Second, the expected financial benefit associated with choosing a preferred provider may have been higher for varicose veins patients than for cataract patients. Due to the design of the channeling incentive, the deductible exemption was only relevant for cataract surgery or varicose veins treatment. According to data provided by the insurer, the group of varicose veins patients was on average much younger than the cataract patient group (51 and 73 years, respectively). Consequently, given that health care expenditures increase with age, we expect varicose veins patients to have, on average, lower expenses for other medical services than cataract patients. Hence, their probability of exceeding the annual deductible was likely to be lower and the expected financial benefit of choosing a preferred provider therefore higher. This potential effect may have been strengthened by the fact that 3 times as many varicose veins patients as cataract patients opted for a voluntary deductible additional to the mandatory one in 2009 (2.1 and 0.7 %, respectively). As a result, there are reasons to assume that the differential deductible was more effective as a channeling instrument for varicose veins patients than for cataract patients.

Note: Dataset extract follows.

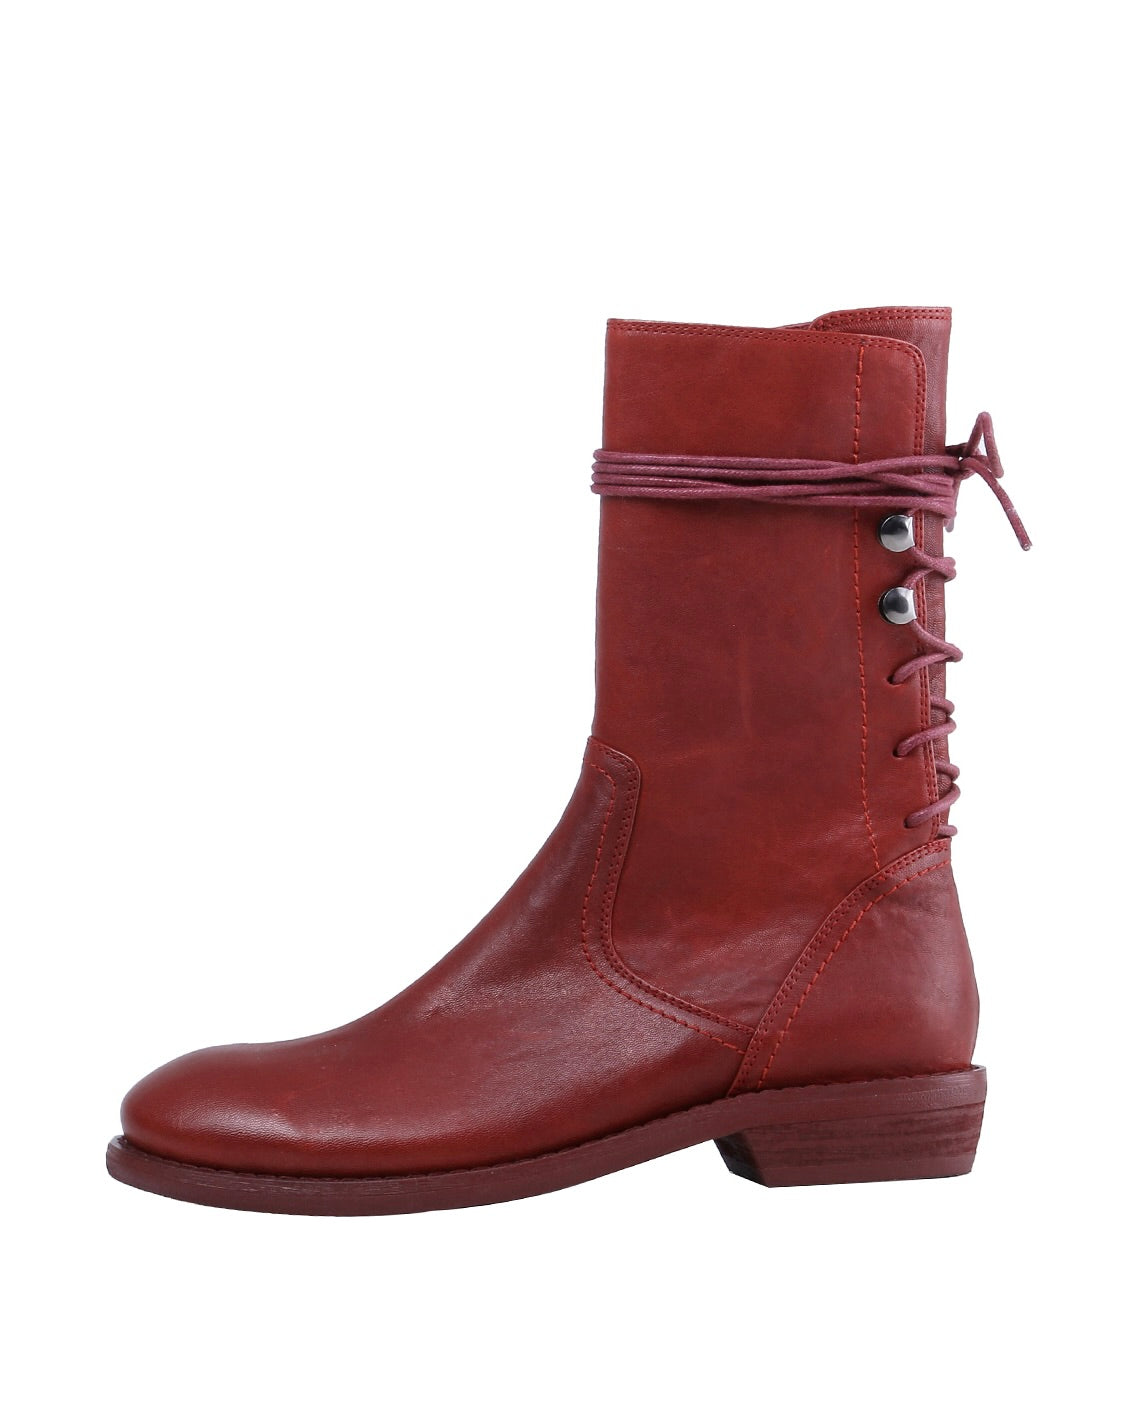 730-horsehide-boots-red-1

In summary, our results suggest that the insurer’s patient channeling experiment in 2009 changed the allocation of varicose veins patients across providers. That is, a significant increase in patient volume for preferred providers treating varicose veins was found. However, whether this increase was sufficient to strengthen the bargaining power of the insurer, resulting in lower prices and/or better quality, is an interesting empirical question that unfortunately cannot be answered with the available data. Future research should focus on the extent to which insurers’ channeling strategies motivate health care providers to improve their performance.